An interview with my deepfake digital twin
I was involved in running a generative AI workshop, together with a group of colleagues, to train others in our business on how best to leverage these technologies. What better way to introduce the session than an "interview" between myself and my deepfake digital twin. Here is the video of the demonstration:
It's been almost two years since I first sent an AI assistant to attend a meeting for me. That AI agent was pre-rendered, using a few clever tricks to interact with the audience, and the question in my mind since then has been; "is this possible to do in real-time, to have an AI assistant that can respond back to people"?
Real time deepfake video technology has been around for a little while. The key challenge is that, while the person using the deepfake may look like the target person, their voice will still be the original person's voice.
In this demonstration, I have managed to combine both real time deepfake video and real time voice transformation. This is no mean feat, and I suspect this is one of the first times that this has ever been done, as I have not yet come across examples of this online.

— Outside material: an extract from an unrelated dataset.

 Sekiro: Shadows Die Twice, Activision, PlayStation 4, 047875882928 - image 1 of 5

As you can see, compared to the real person, it isn't perfect, but for those who aren't familiar with my appearance and voice, it is more than enough to fool a casual observer.
A note on AI ethics
Whilst this technology is incredible, there are significant potential harms that may result from the misuse of this technology. The Australian government's AI Ethics Principles are central to all of the work I do. One of these principles is transparency, and it was important during this demonstration that I immediately disclosed that this was in fact a deepfake. Another important consideration was that deepfakes were only used to replicate the likeness of people who had given explicit, written consent.
Use cases for deepfakes
My current work involves developing products that help protect Australian's from fraud and scams, and deepfakes represent a significant threat.
Whilst today, significant technical knowledge is required to achieve a feat like this, in the future it will be possible to clone a person's video and audio with only a small amount of sample data. There are already reports of scammers imitating the voice of family members, for phone scam calls, so we are just starting to see the emergence of generative AI being used to generate new attack vectors. Ongoing research into this area is needed to counter misuse of AI technologies.

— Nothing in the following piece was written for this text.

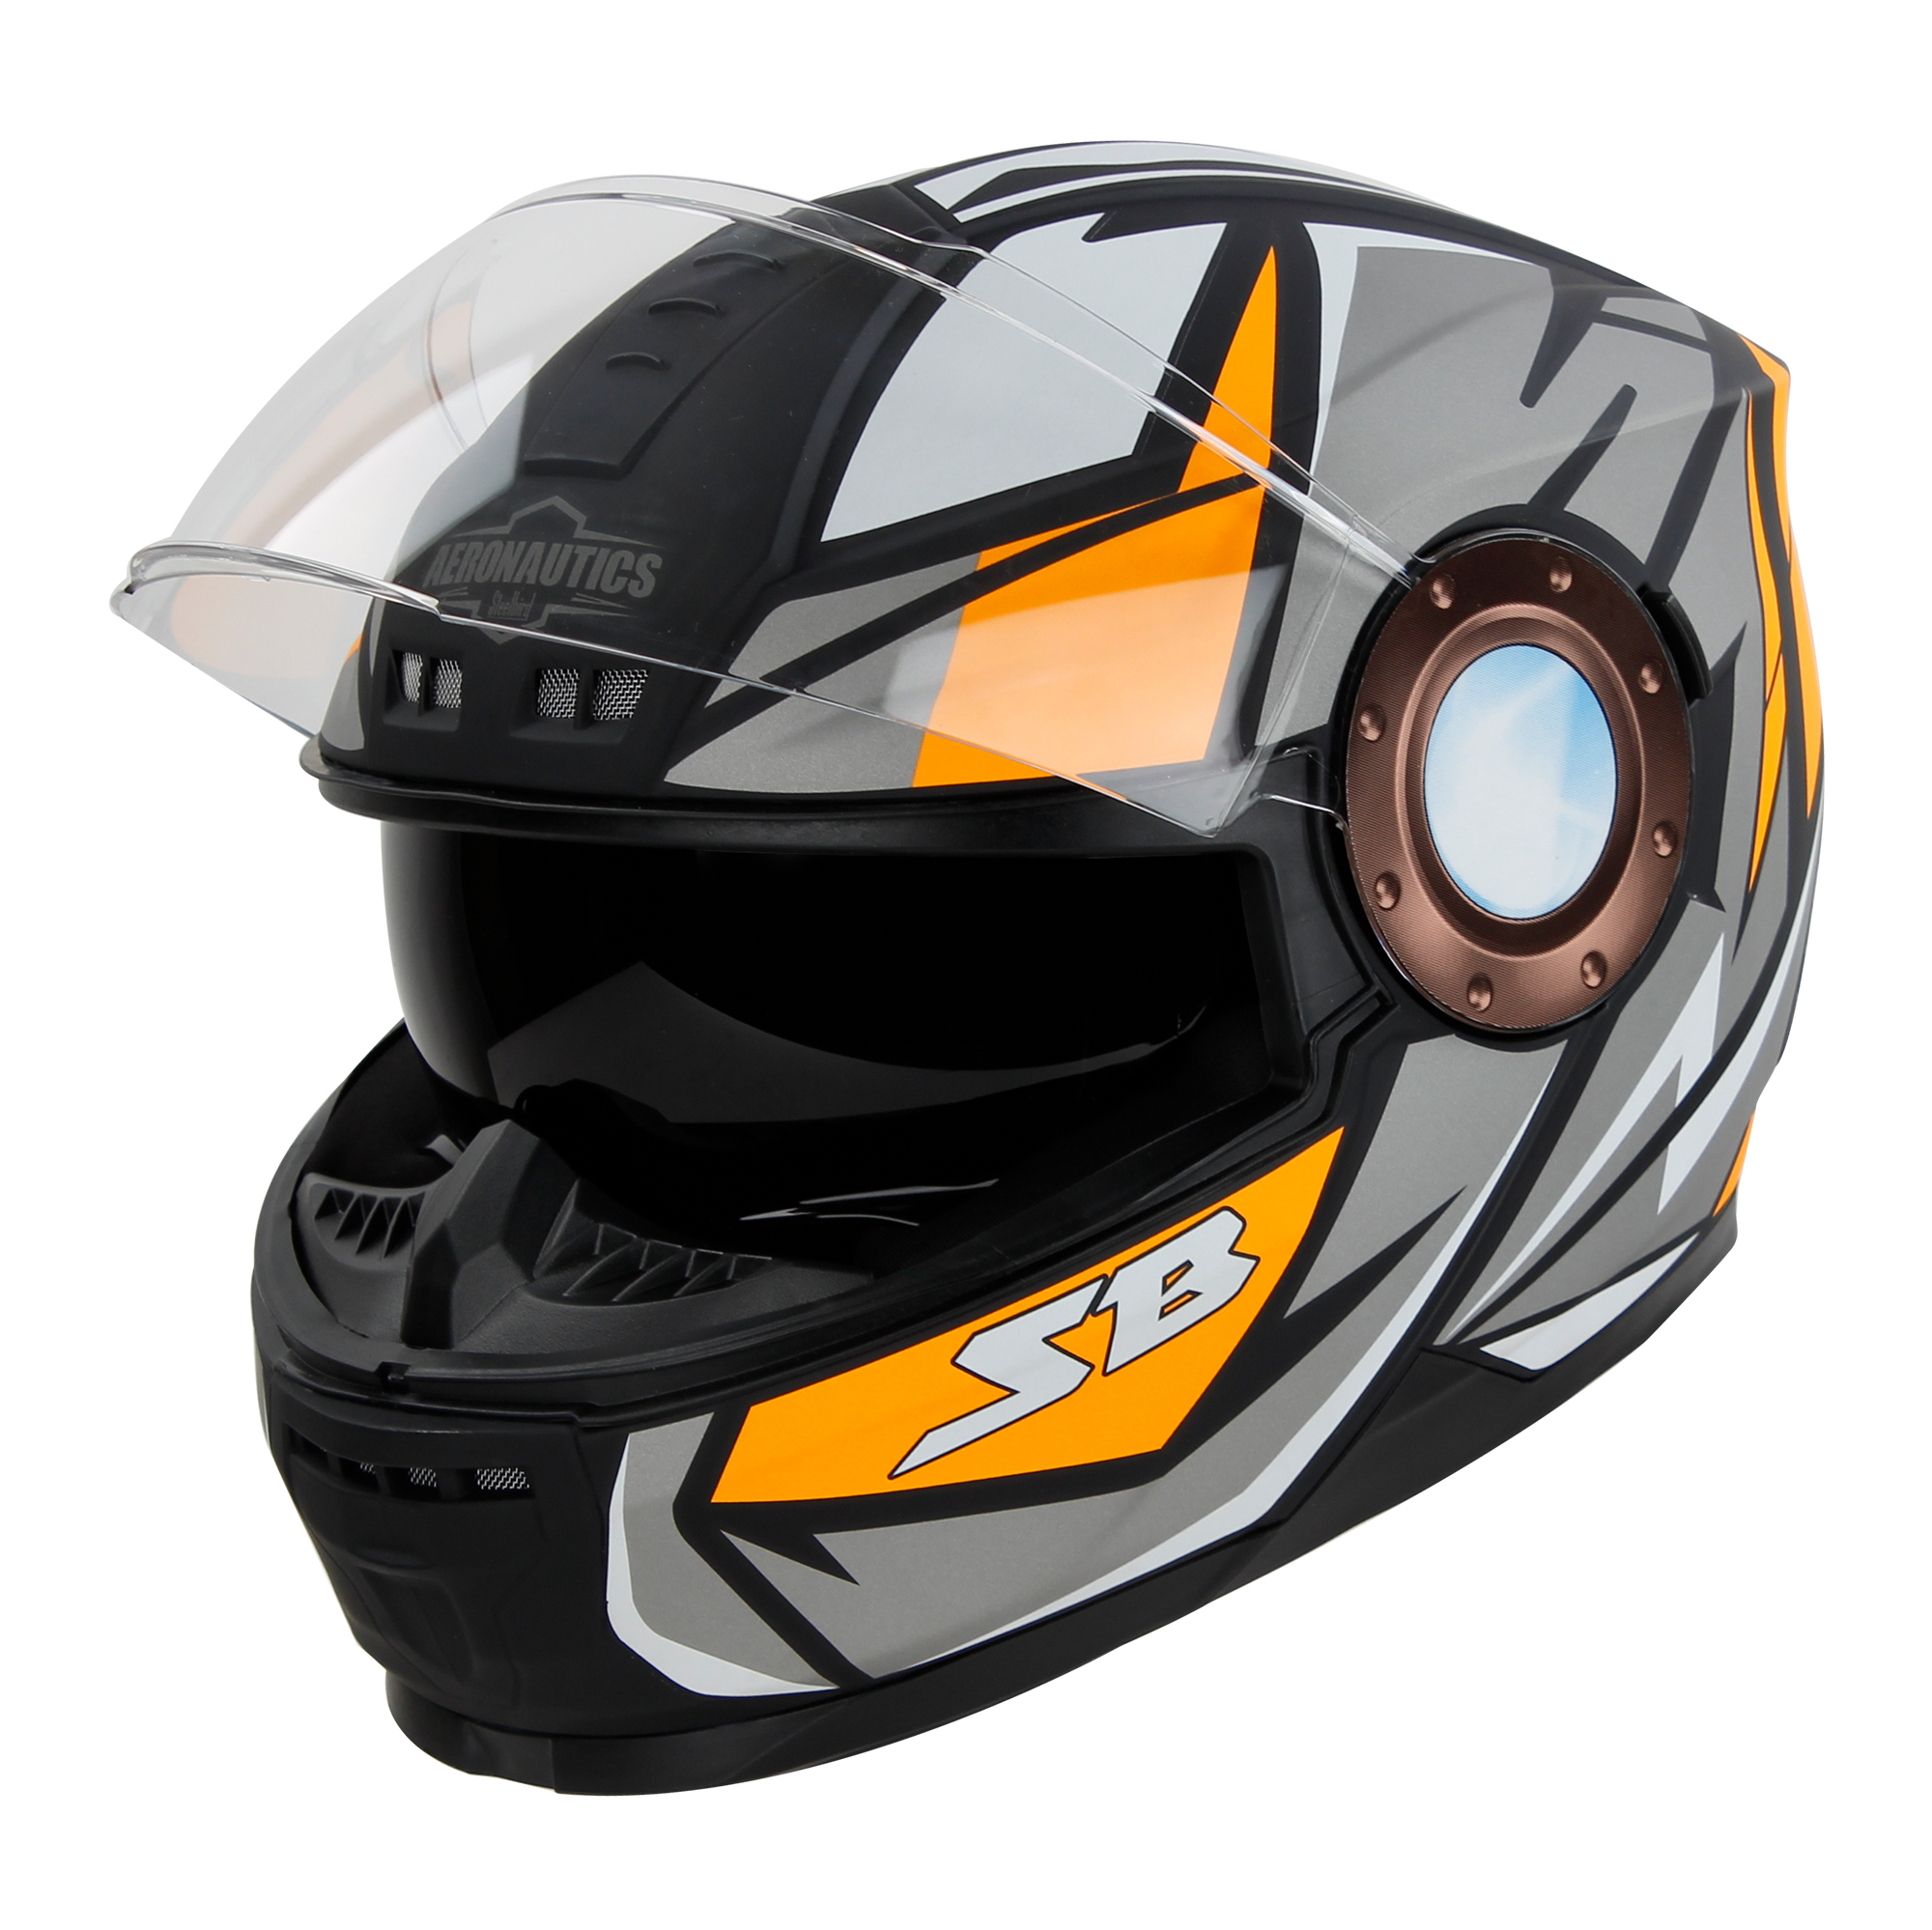 Steelbird SBH-40 Decode ISI Certified Full Face Graphic Helmet For Men And Women With Inner Sun Shield (Glossy Black Orange)

Of course, there are many positive applications to these technologies. In the film industry, deepfakes provide a low cost alternative to complex CGI. For accessibility, synthetic voices can be used to unique, personal voice replacements for people who have lost the ability to speak due to illness or injury. For education and marketing, deepfakes allow a way to create content at a scale that was previously cost prohibitive. It will be interesting to see how this field evolves in the coming years.
TECHNICAL DEEP DIVE
The remainder of this post will involve a deep dive into the technologies, challenges and learnings gained throughout this project.
Throughout this post, the person using the deepfake is referred to as the actor and the person whose likeness is being replicated is referred to as the target.

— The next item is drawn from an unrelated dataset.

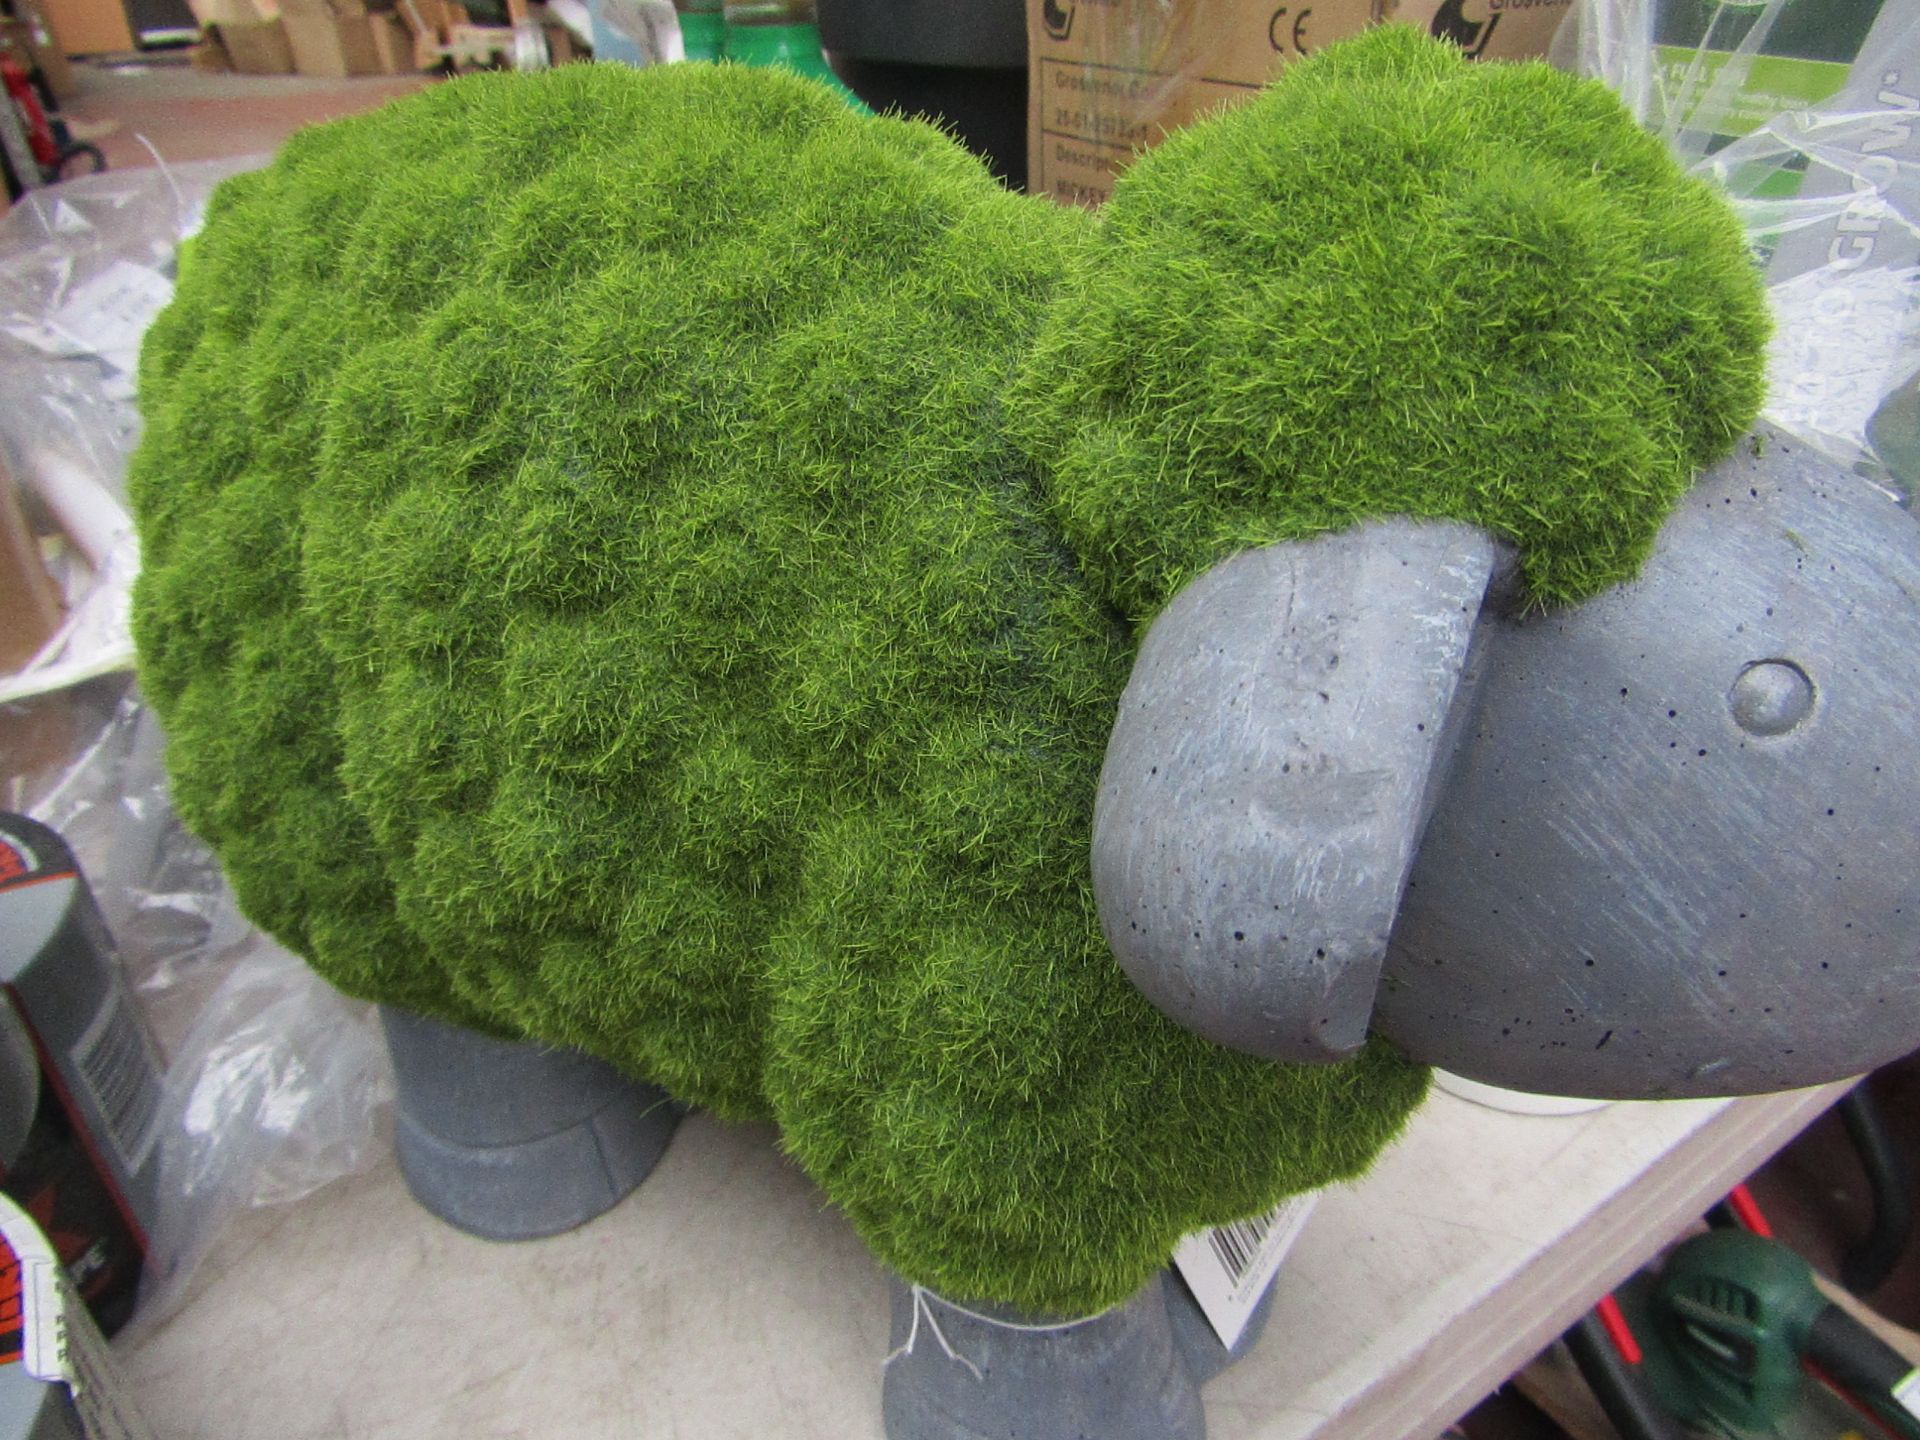 Mossy Sheep Garden Ornament - Good Condition & No Packaging.

Early exploration and key challenges
There are many different approaches for creating real-time deepfakes, and a range were explored at the start of this project. This section explores some of the (often very humourous!) early attempts, and highlights the key challenges that the selected technology approach needed to overcome.
Animating photos using facial features captured from a webcam allows for a "one-shot" method, where you simply upload 1 photo of the target, and use computer vision techniques to animate the photo. Whilst impressive for the low amount of effort, this approach sits firmly in the uncanny valley.
Early experiments led to some very amusing results- a key to a successful deepfake is having the model learn how to blend the target's face into the actors.
Here you can see the blending of the target face is working much better- however the model is struggling with a variety of face angles, when the actor is not looking directly into the camera.
Face size is another key parameter- this is normally tuned manually until the face is approximately the correct size. Some models are also able to warp the shape of the face, to ensure that if the target and actor have differently proportioned faces, the deepfake still works well.
Training the video deepfake model
Deepfacelab (https://github.com/iperov/DeepFaceLab) was identified as the best approach for this project. It has an excellent git respository, and an active community who have deep exerience using the software.
Previous deepfake workflows involved training a model that could only convert a specific actor into a specific target (one-to-one). This means that for the demonstration, only actor the model would be trained on could use the deepfake model. It also means a large dataset of the actor is required, to help the model learn the features of the person's face.
One-to-one training of a deepfake model
Somewhat analagous to fine-tuning from other domains of machine learning, there is a newer ReadytoMerge workflow, that provides a pretrained model, trained on 50,000 faces which include a variety of face shapes and lighting conditions. This results in a deepfake model that is many-to-one. Whilst performance may not be as good as a perfect one-to-one model, in practice, the model is far more robust, and as a benefit, can be used by any actor without retraining.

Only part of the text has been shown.